The reason your answer differs is because of spline boundary conditions. Consider the spline $B_{j,1}$. To compute this we need $B_{j,0}$, $B_{j+1,0}$, and $\omega_{j,1}$ and $\omega_{j+1,1}$. $$ B_{j,0} = \begin{cases}1 & x \in [t_j,t_{j+1}]\\0&\mathrm{else}\end{cases}\\ B_{j+1,0} = \begin{cases}1 & x \in [t_{j+1},t_{j+2}]\\0&\mathrm{else}\end{cases}\\ \omega_{j,1} = \frac{x - t_{j}}{t_{j+1}-t_j}\\ \omega_{j+1,1} = \frac{x - t_{j+1}}{t_{j+2}-t_{j+1}} $$ Notice that to compute $B_{j,1}$ in the interval $[t_{i},t_{i+1}]$ requires knowing the knots $t_{i}$ through $t_{i+2}$. If we try evaluating in $[t_{4},t_{5}]$ we need to know $t_6$, which is undefined. Additionally, there are a few weird things which happen when we try to evaluate in $[t_0,t_1]$. There could be some $t_{-1}$ which would affect the result in this interval. In general to compute $B_{j,k}$ we only know for certainty what its value is between $[t_{k},t_{n-1-k}]$.

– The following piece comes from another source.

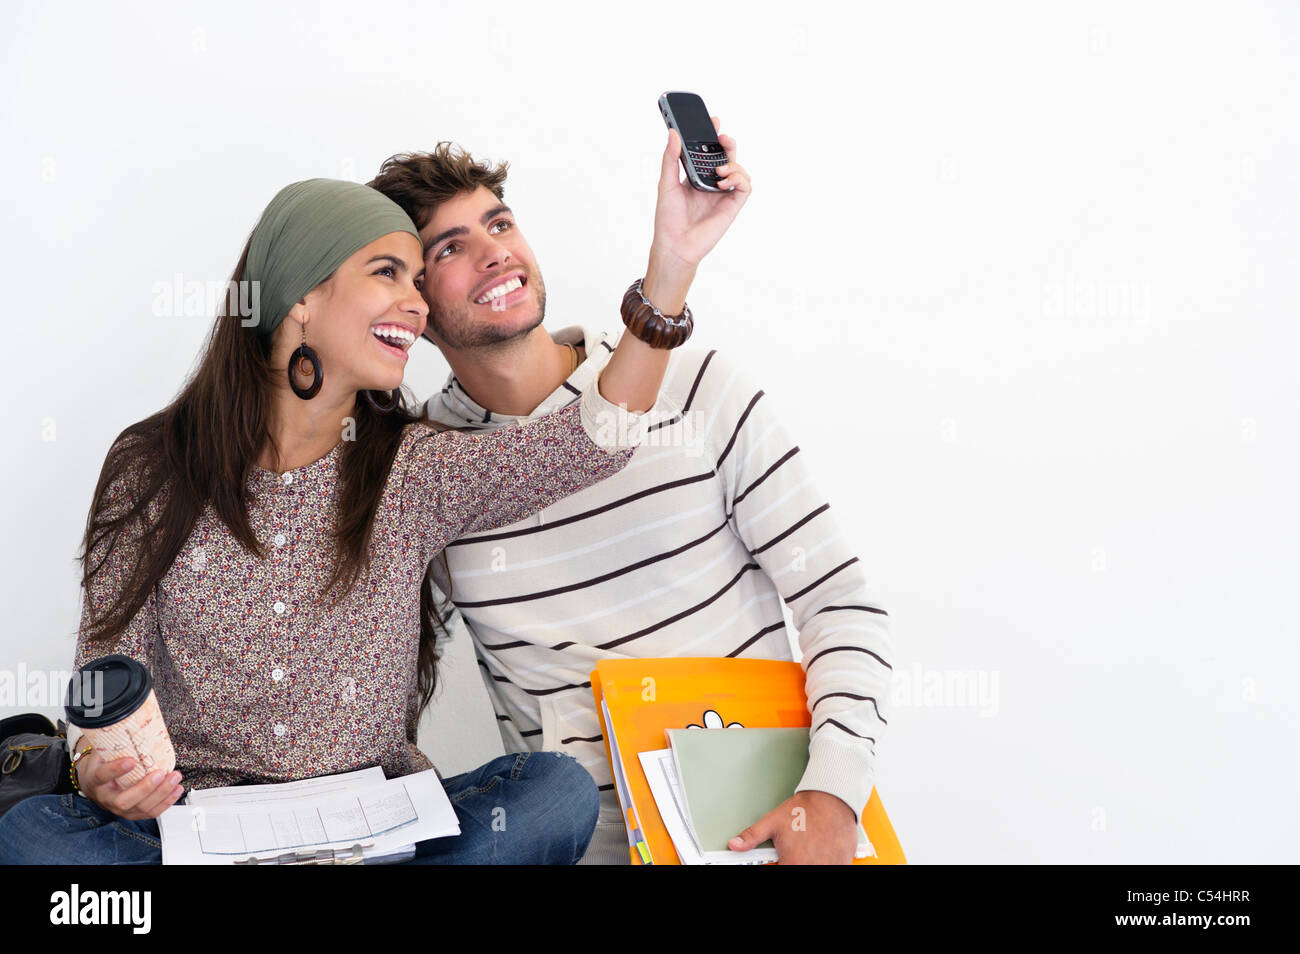 Two young friends taking photos of themselves against white background Stock Photo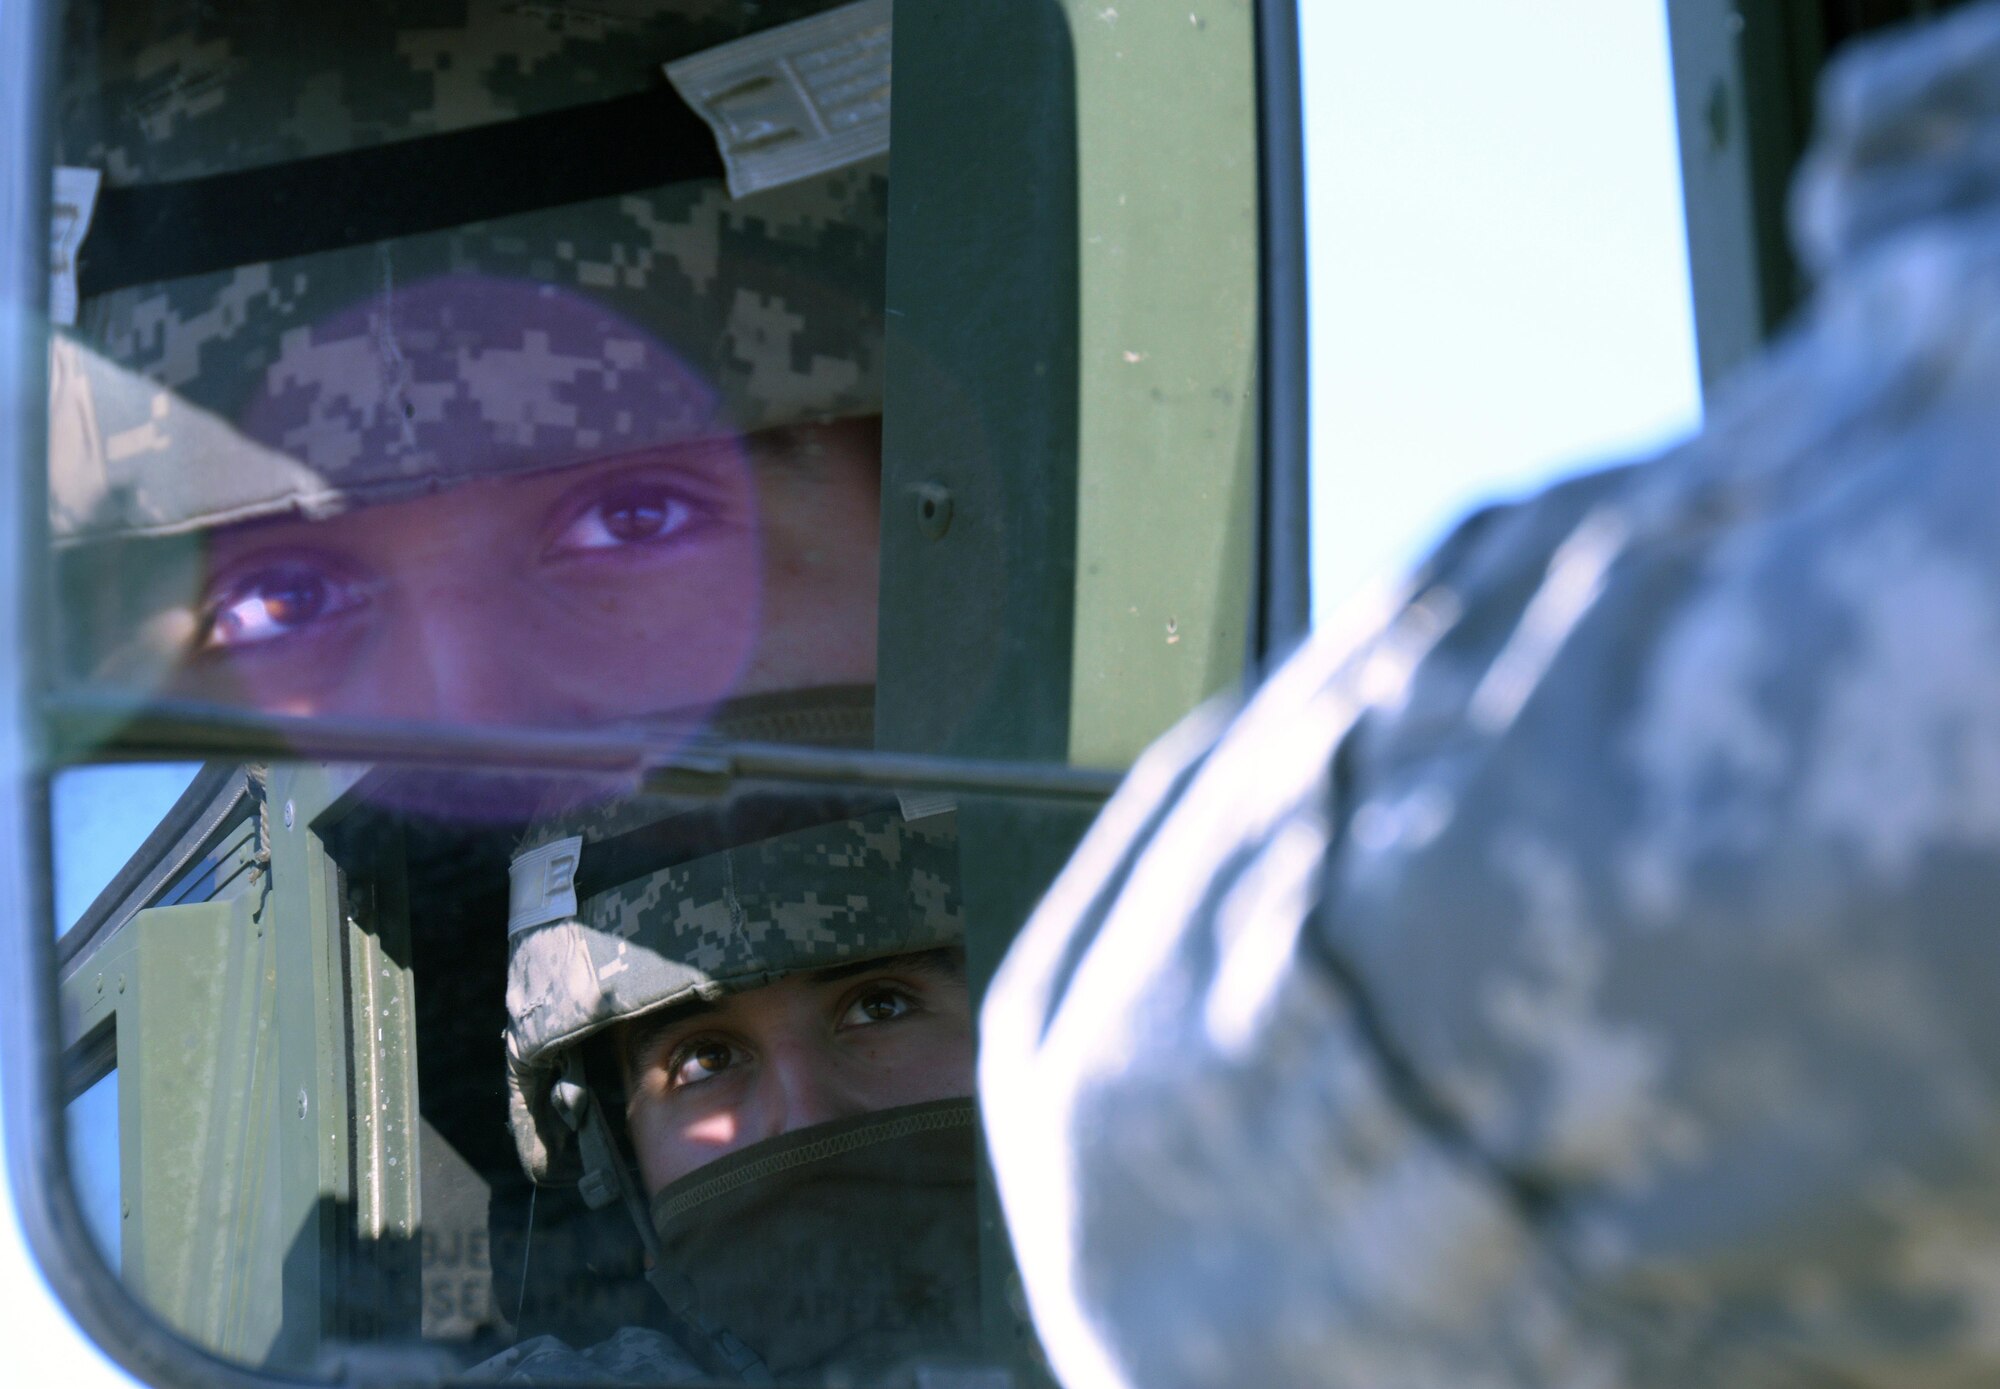 Specialist Michael Larriega, 801st Engineer Company horizontal engineer, awaits the go ahead for Humvees to be backed into a C-17 Globemaster III prior to its take off from Travis Air Force Base, Calif., for Patriot Wyvern on Feb. 11, 2017. Patriot Wyvern is a hands-on, bi-annual event conducted by the 349th Air Mobility Wing designed to hone combat skills and improve organizational interoperability. (U.S. Air Force photo/Staff Sgt. Daniel Phelps)

We can adjust our original knots vector by adding extra knots $t'$ on both sides to allow us to evaluate our spline for the full original interval $[t_0,t_{n-1}]$. The most common way is to simply duplicate the end knots $k$ times on each side, so we have $t'=[t_0,\ldots,t_0, \ldots,t_{n-1},\ldots,t_{n-1}]$. This is what the page you linked does. Some other options are what the extrapolate option does in SciPy: for extrapolate='periodic' the knots vector is considered to be periodic. For extrapolate=True the resultant polynomial is simply extrapolated as-is outside the interval $[t_{k},t_{n-1-k}]$.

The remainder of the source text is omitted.